Exercise: Transcribe all of the data exactly. Images stay out.

Stored data:
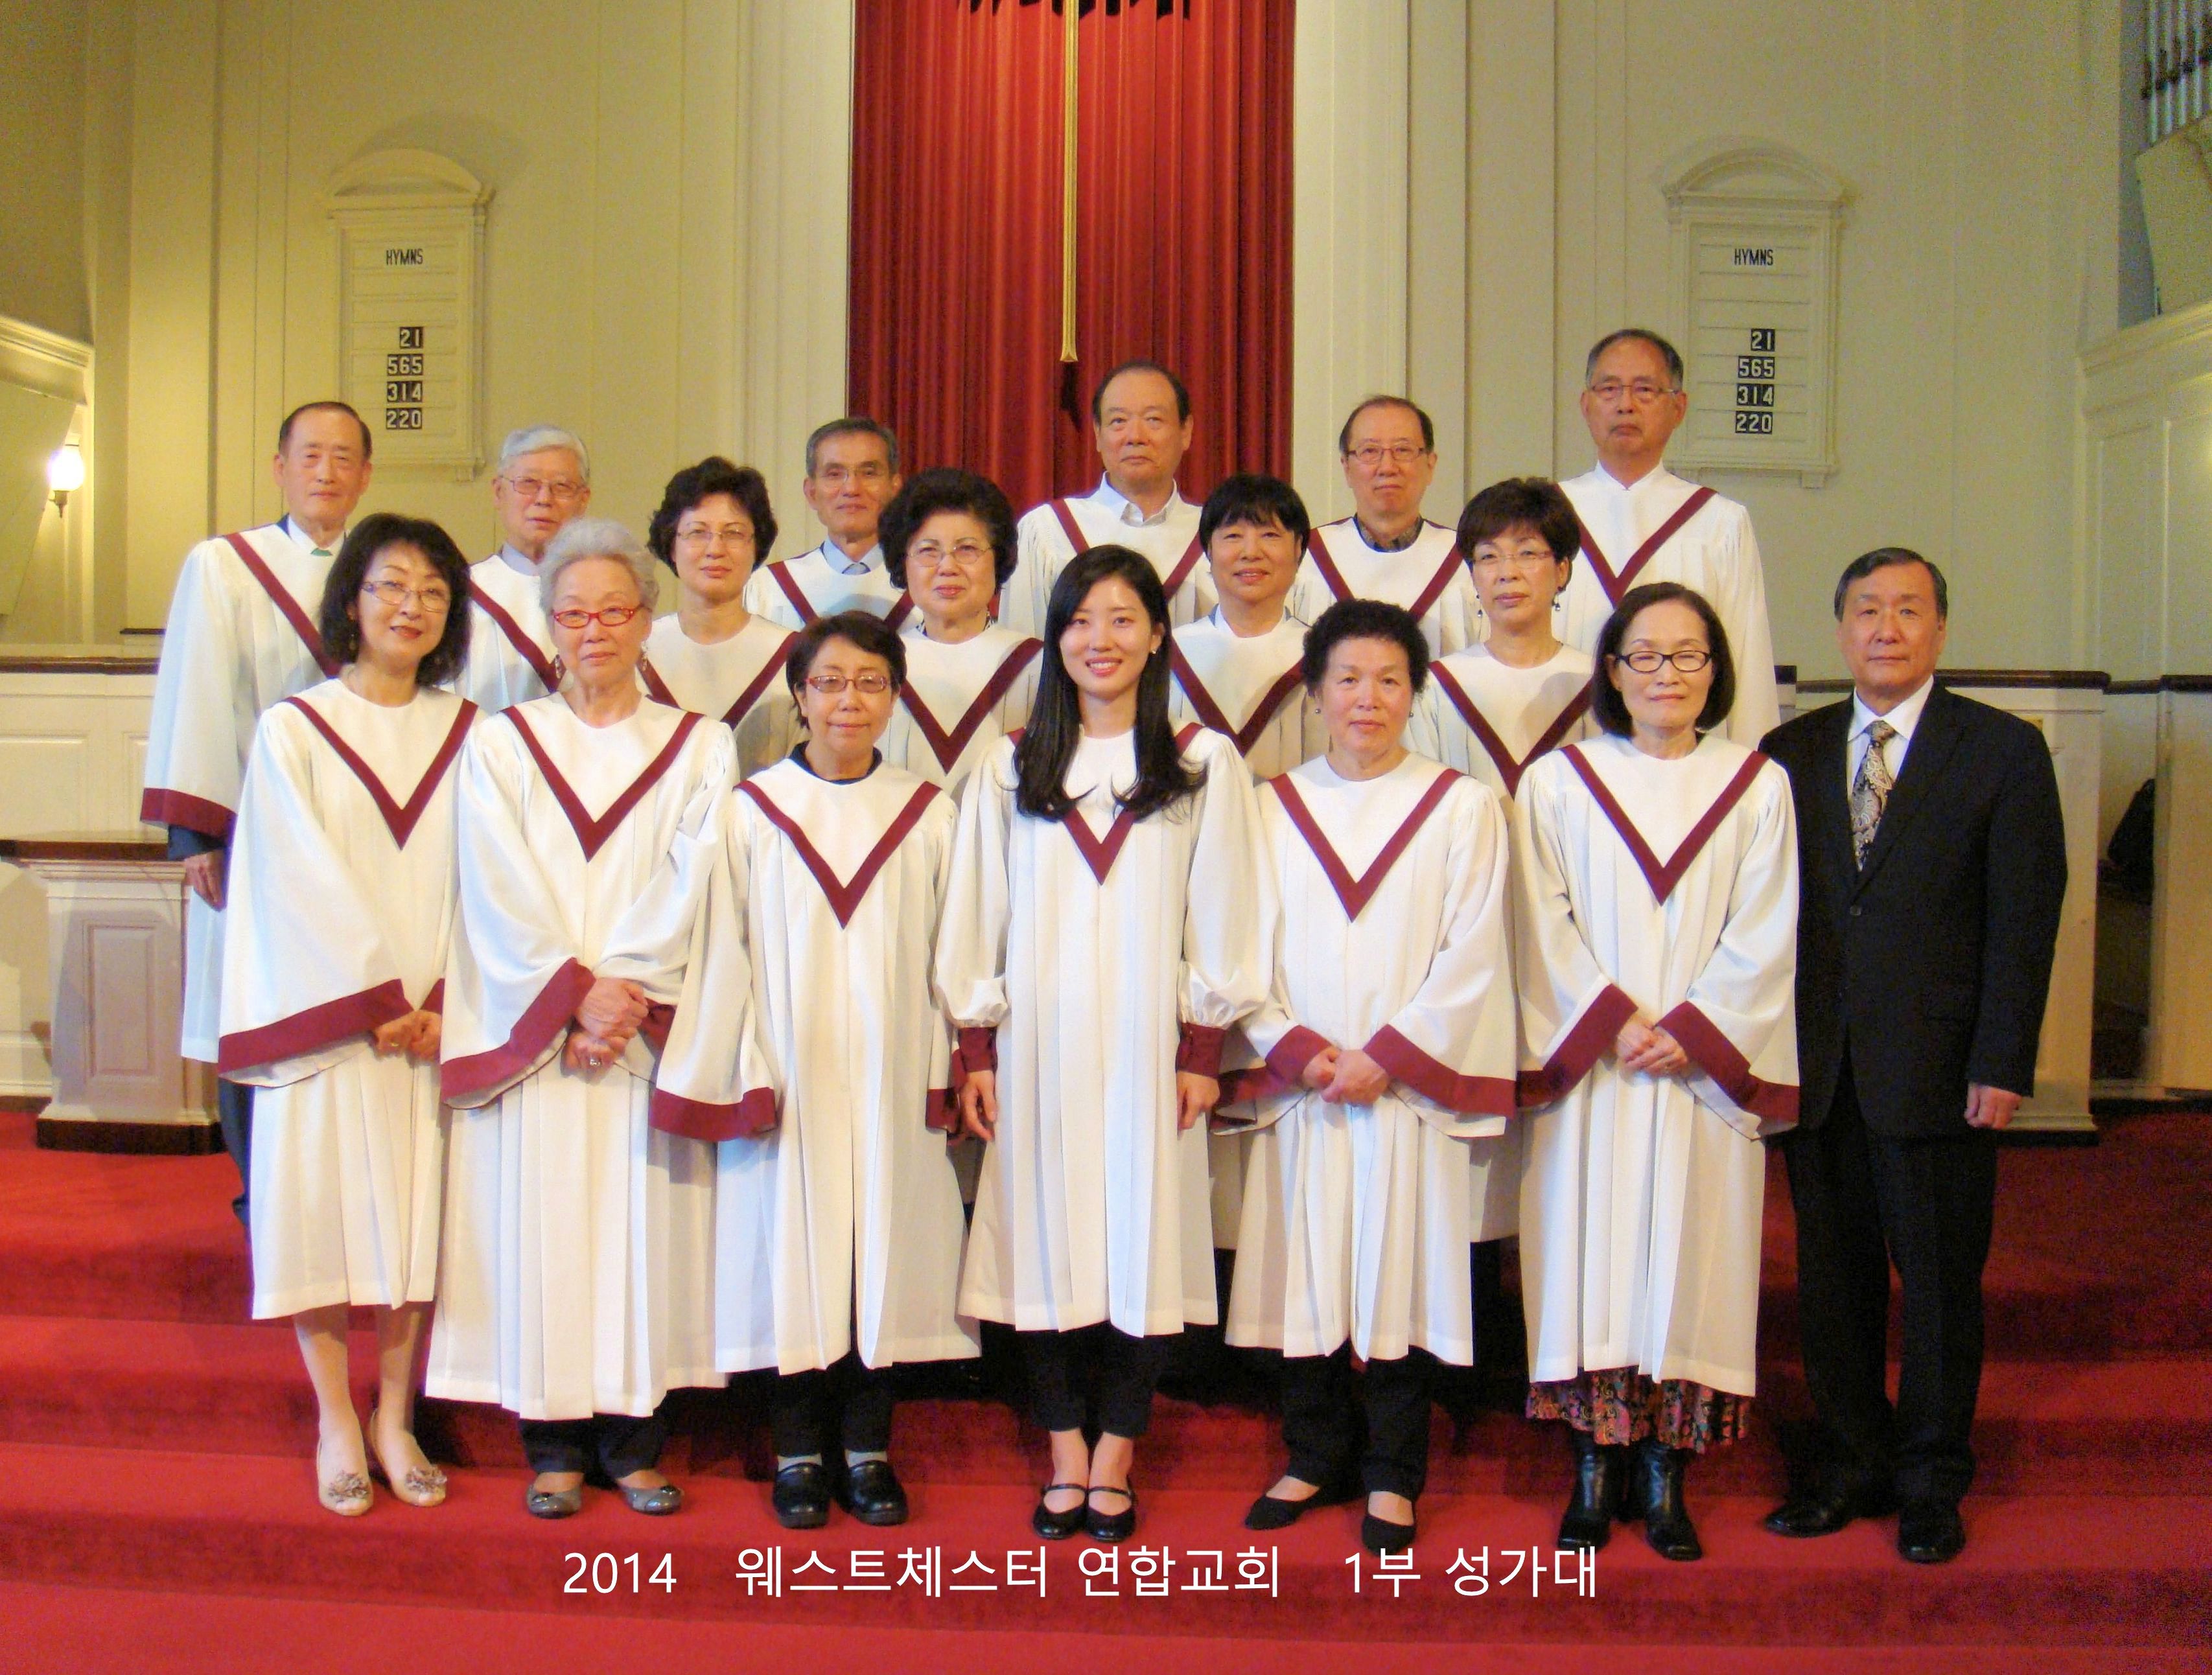 choir team photo
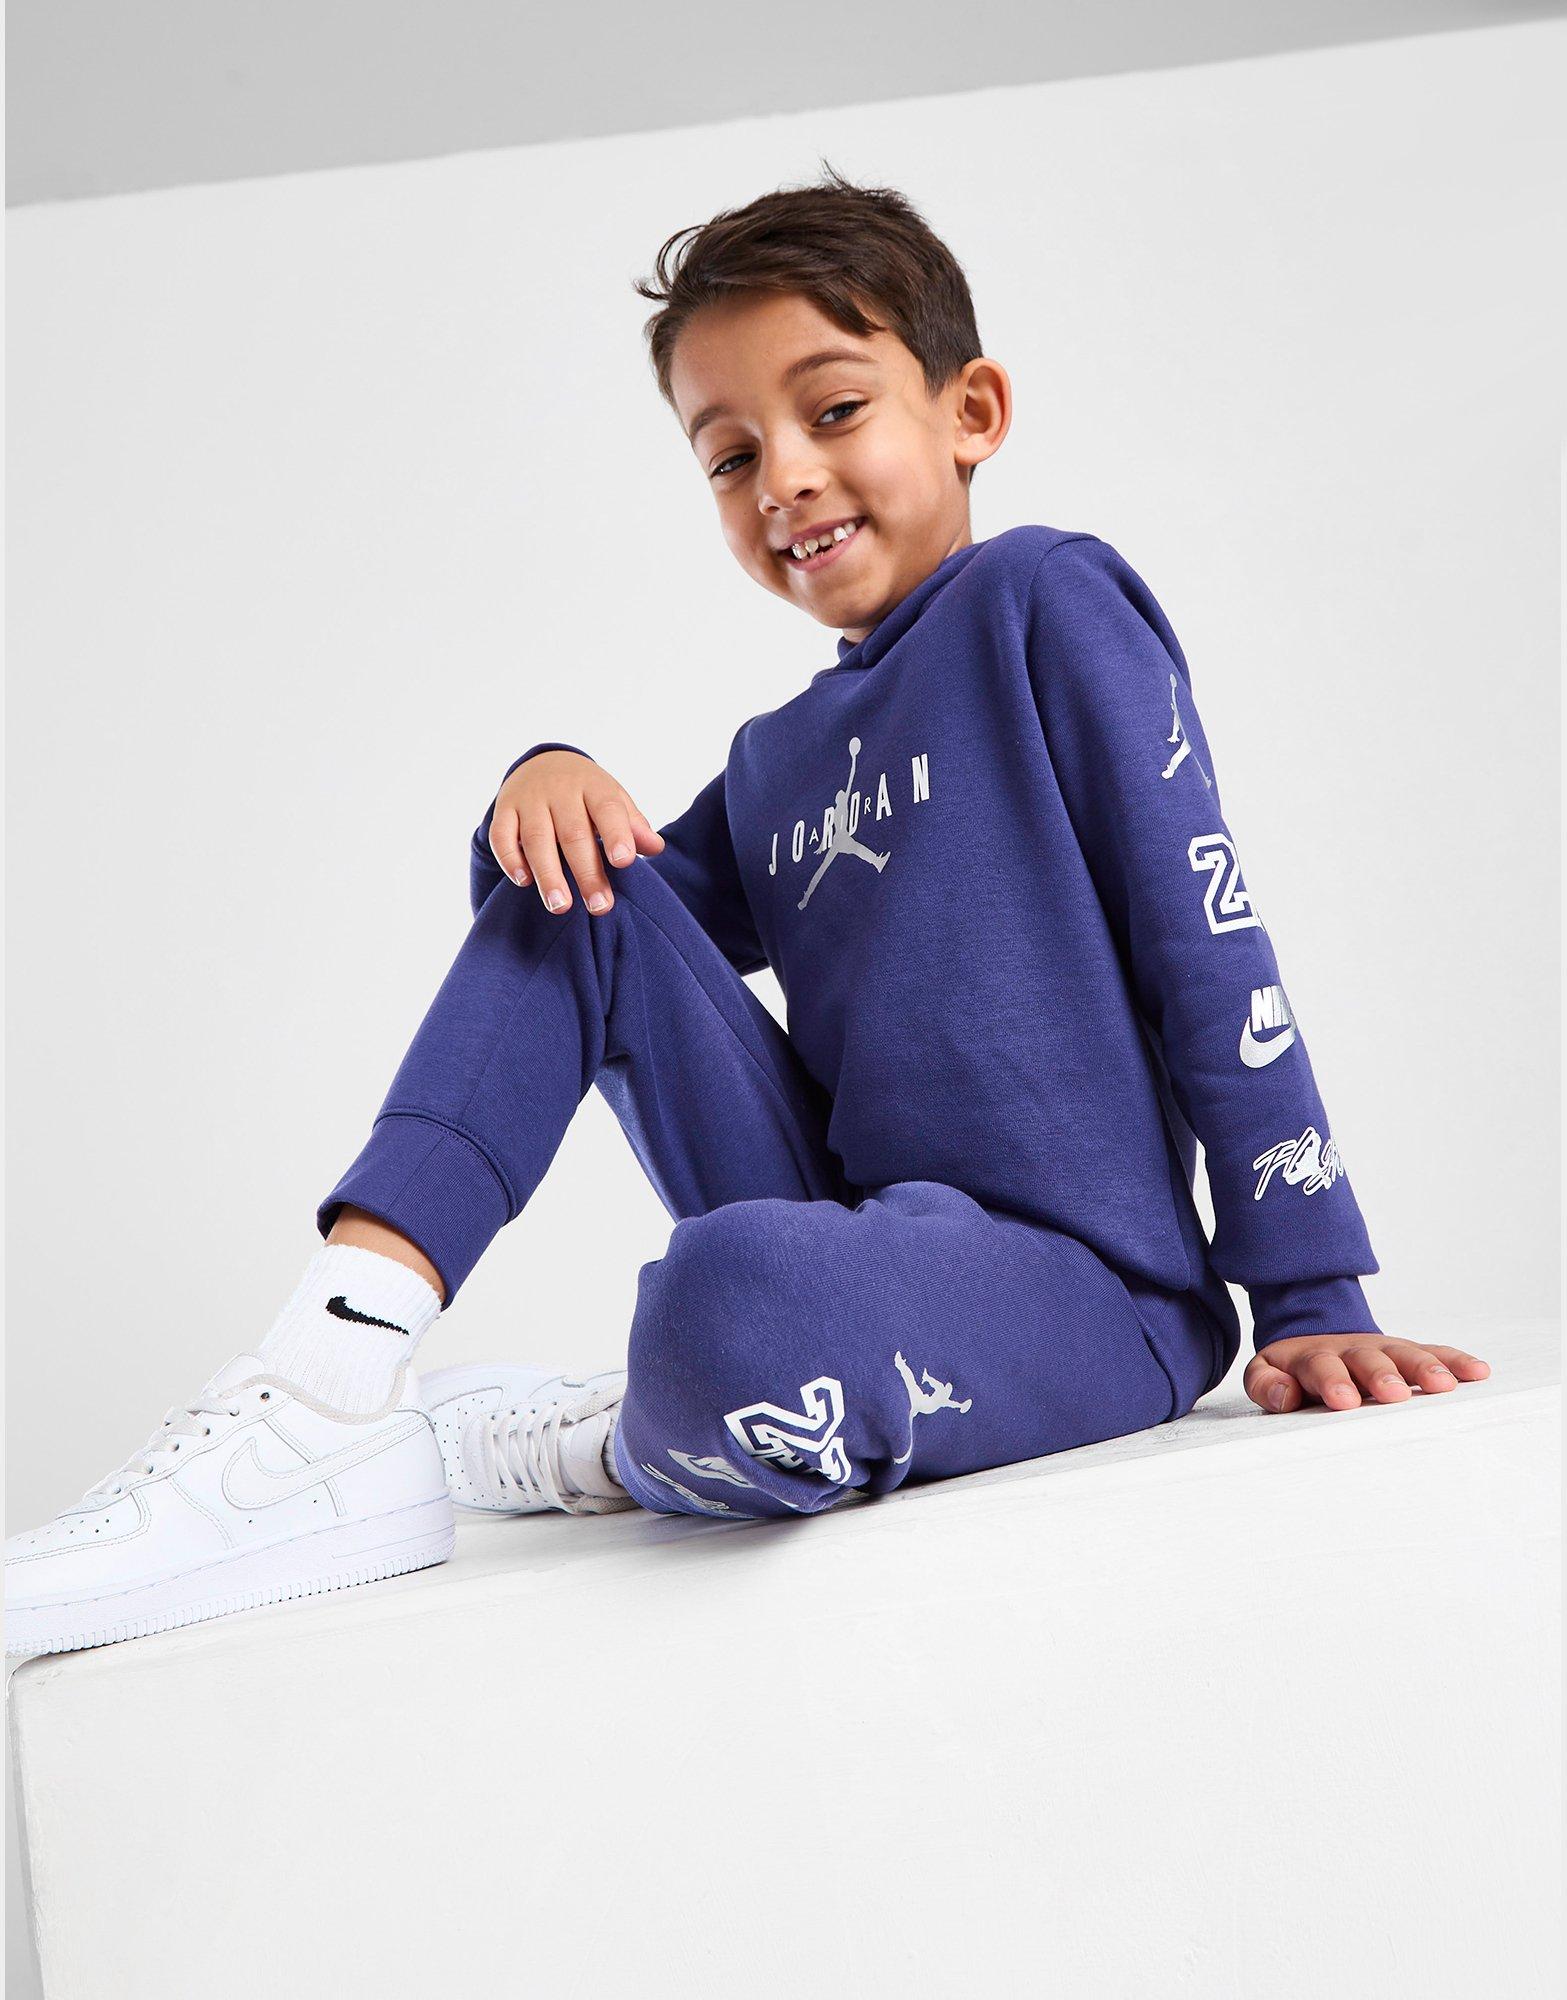 Carter's Pijama de forro polar con pies para niño pequeño, color azul, Azul
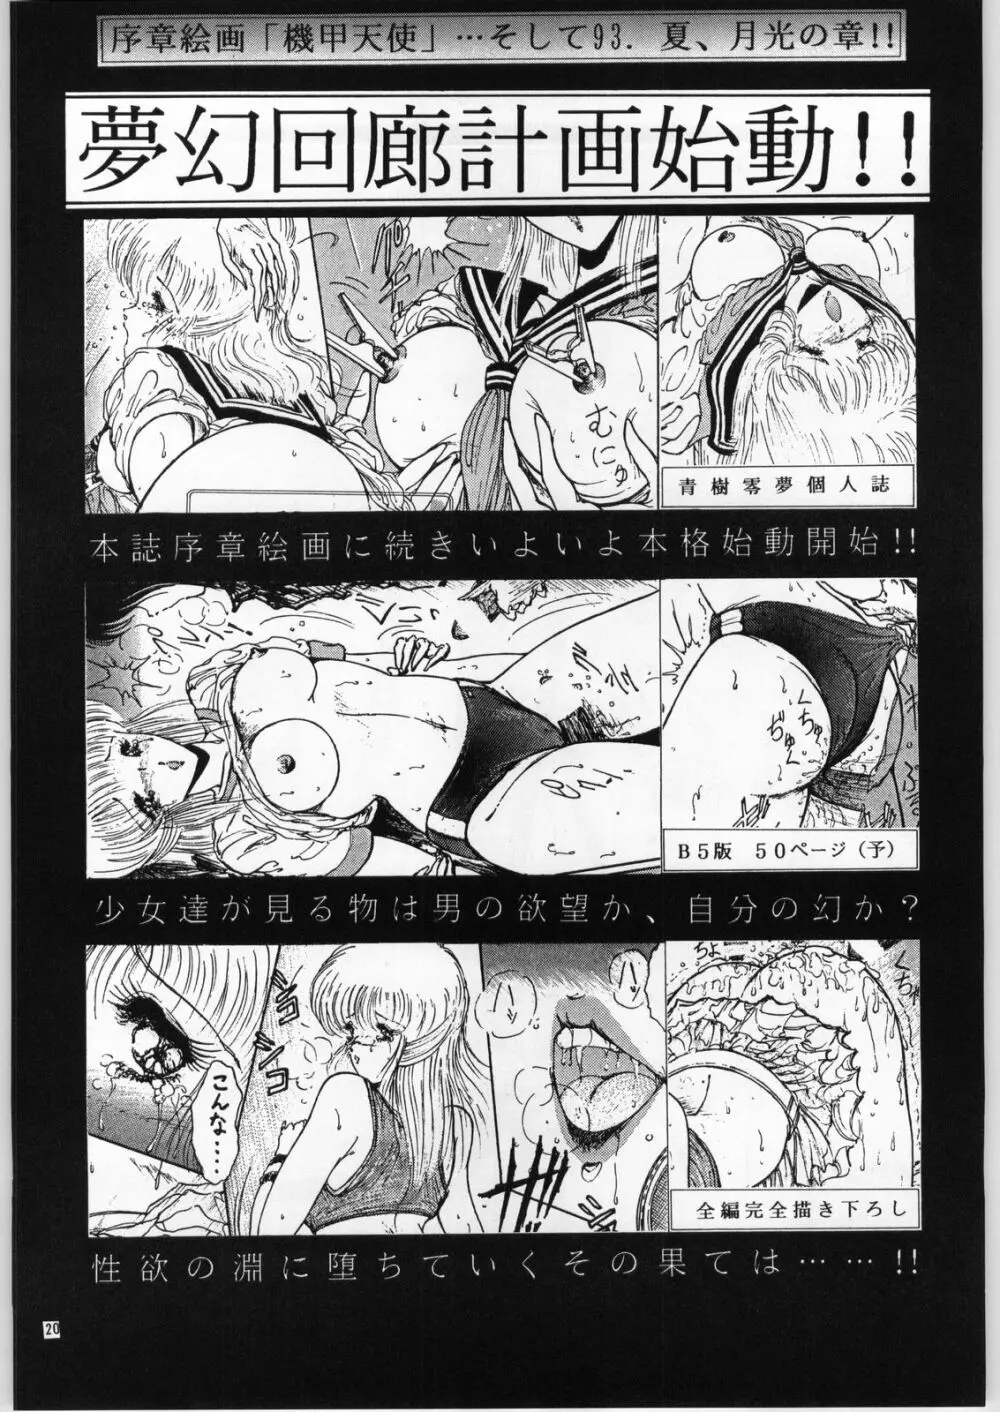 夢幻回廊VOL. 1 序章絵画 機甲天使 20ページ

Reply to the exercise:
 choir team photo
 Carter's Pijama de forro polar con pies para niño pequeño, color azul, Azul
 夢幻回廊VOL. 1 序章絵画 機甲天使 20ページ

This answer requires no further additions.